当寺は、圓照寺・法華寺とともに、大和三門跡尼寺に数えられ、その中でも最も創建の古い尼寺である。日本において、尼寺は珍しいものではないが、飛鳥時代から1400余年の永きに渡り、尼寺として存続しているのは中宮寺のみであることから、唯一無二の存在であると言える。
境内を散策
法隆寺東院を出てすぐそばに、中宮寺の入口がある。先ほどの門を入っていくと、下の写真のような道が続く、奥に入っていくと本堂が現れる。

こちらの写真が本堂である。こちらは、高松宮妃殿下の発願により吉田五十八という方が設計し、昭和43年に完成した。比較的に新しい建物である。

こちらの本堂に菩薩半跏像が安置されている。当然写真は禁止されているので、どのような像であるかについては下記HPを参考にしていただきたい。
本尊 – 聖徳宗 中宮寺 公式ホームページ
本堂に入ると、映像で菩薩半跏像などの説明をしてもらえる。説明動画を見た後も、様々な角度から菩薩半跏像を眺めてみる。とても美しく、神秘的な魅力を感じる。飛鳥時代にこのような像が作れることにも驚きだ!!

菩薩半跏像について、少し説明を加える。東洋美術における「考える像」として有名であり、飛鳥彫刻の最高傑作との呼び声も高い。また、口元には飛鳥仏特有の優雅なアルカイックスマイルをたたえており、エジプトのスフィンクス、レオナルド・ダ・ヴィンチ作のモナリザと並んで「世界三大微笑像」とも呼ばれている。

また、天寿国曼荼羅繍帳も見どころの一つとなっている。
日本最古の刺繍遺品として知られる「天寿国曼荼羅繍帳(てんじゅこくまんだらしゅうちょう)」は、推古天皇30年(622)、聖徳太子の妃である橘大郎女が、太子が亡くなったのち、宮中の女官に命じて、太子が往生なされている天寿国のありさまを刺繍させたものである。

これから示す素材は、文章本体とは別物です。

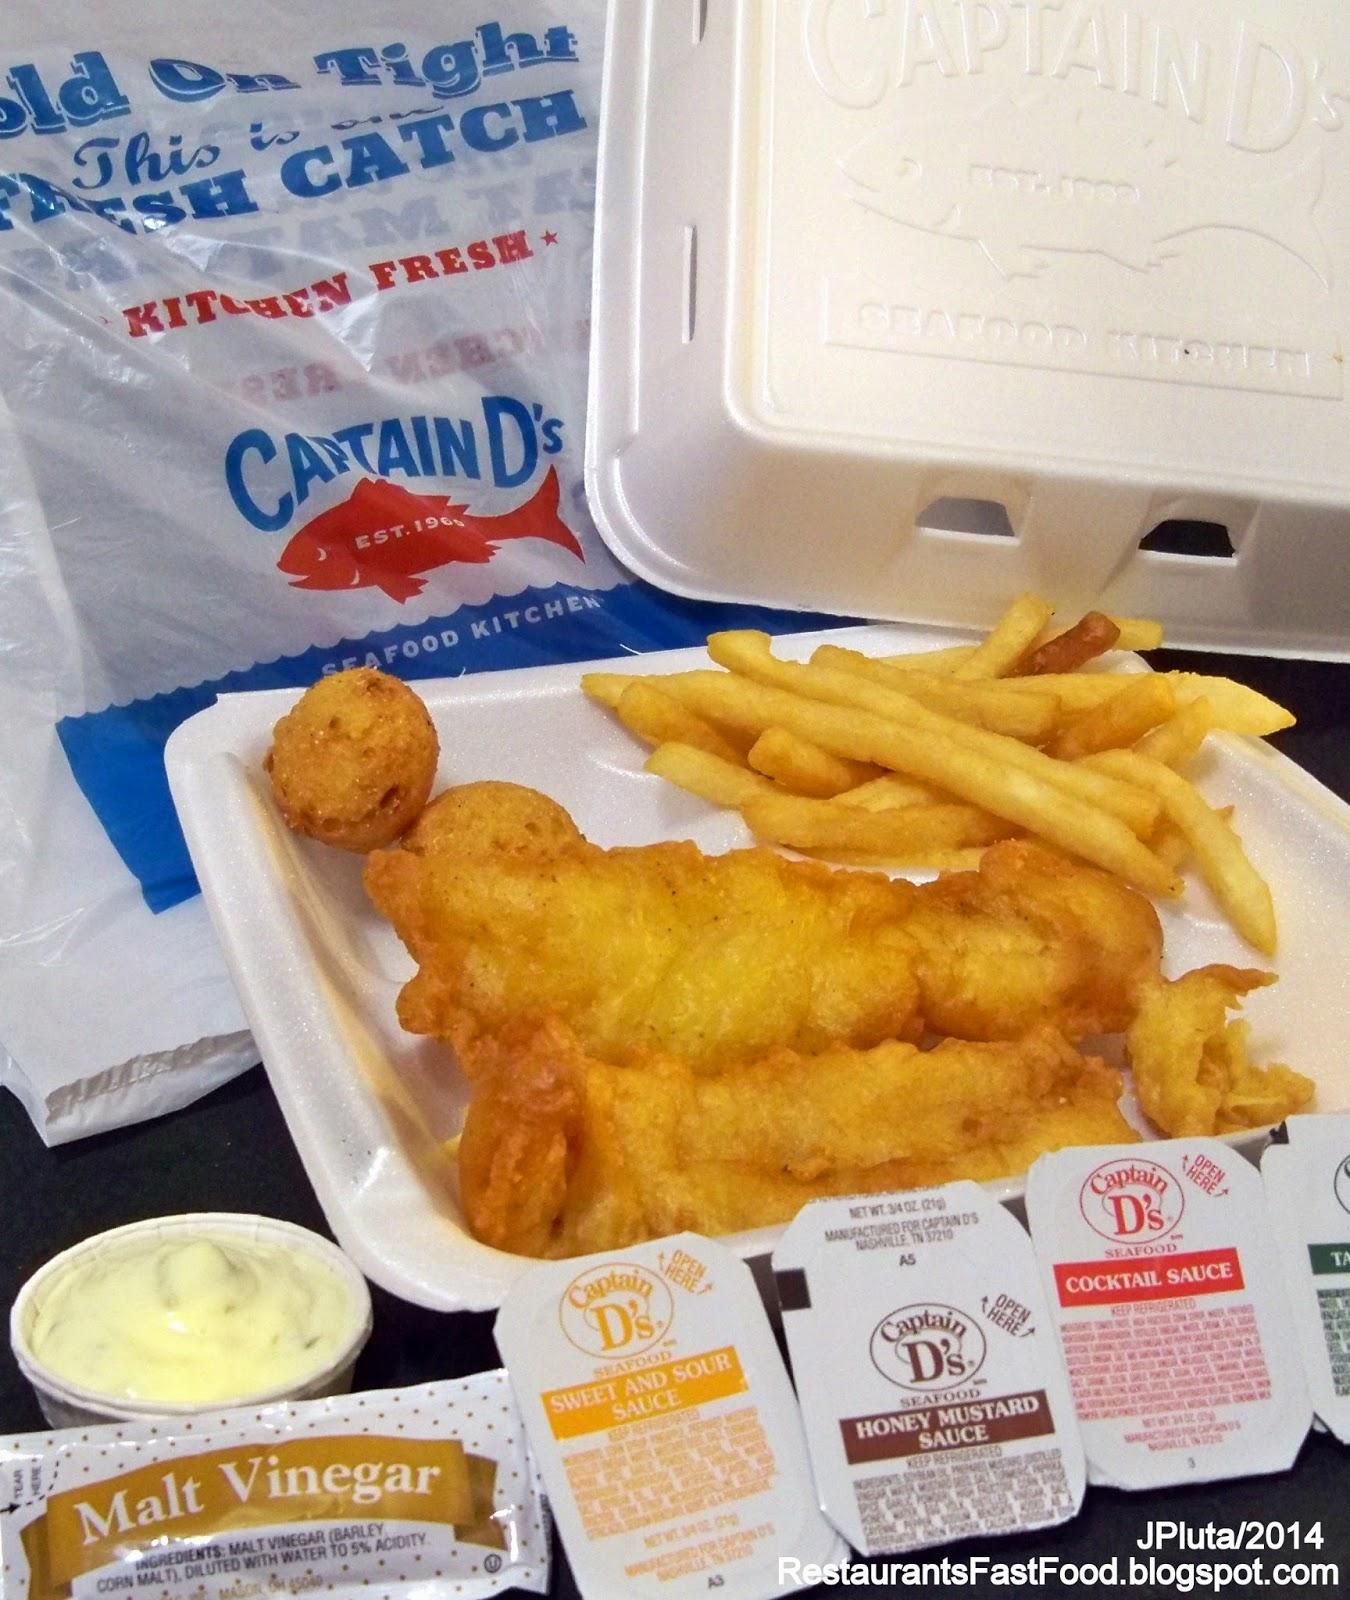 Fast Food Fish Restaurants Near Me | Best Restaurants Near Me - photo#8

「天寿国」とは、仏教的理想世界を象徴する浄土的な国で、太子が往生した場所だと信じられていた。深く太子を敬慕していた橘大郎女は、その冥福を祈り、また来世での再会を願って、太子が往生したとされる「天寿国」の様子を刺繍によって表したと伝えられている。
年を経るにつれて曼荼羅は破損し、現存するものは往時のほんの一部にすぎないが、紫羅の上に、白・赤・黄・青・緑・紫・樺色などのより糸 をもって伏縫の刺繍が施された繍帳は、鮮麗な色彩を残している。七世紀中頃の染色技術、服装、仏教信仰などを知るうえで貴重な遺品といえる。
なお、現在、本堂に安置されているものは複製で、実物は奈良国立博物館に寄託されている。
まとめ
こじんまりとしたお寺で、主に菩薩半跏像くらいしか言及するところがなかったので、記事を作成する側からは少しつらいところであった。
ただ、菩薩半跏像の美しさには目を見張るものがあるので、個人的には来てみて良かったかなぁと感じている。まあ、せっかく法隆寺を訪れるのであれば、お隣さんなので立ち寄ってみてはいかがでしょうか?
また、尼寺としての歴史が深い。本記事の冒頭で、法隆寺の一部でもいいのではという発言をしていたが、その歴史を考えればやはり別の寺として独立させる価値は十分にあるのではないかと思う。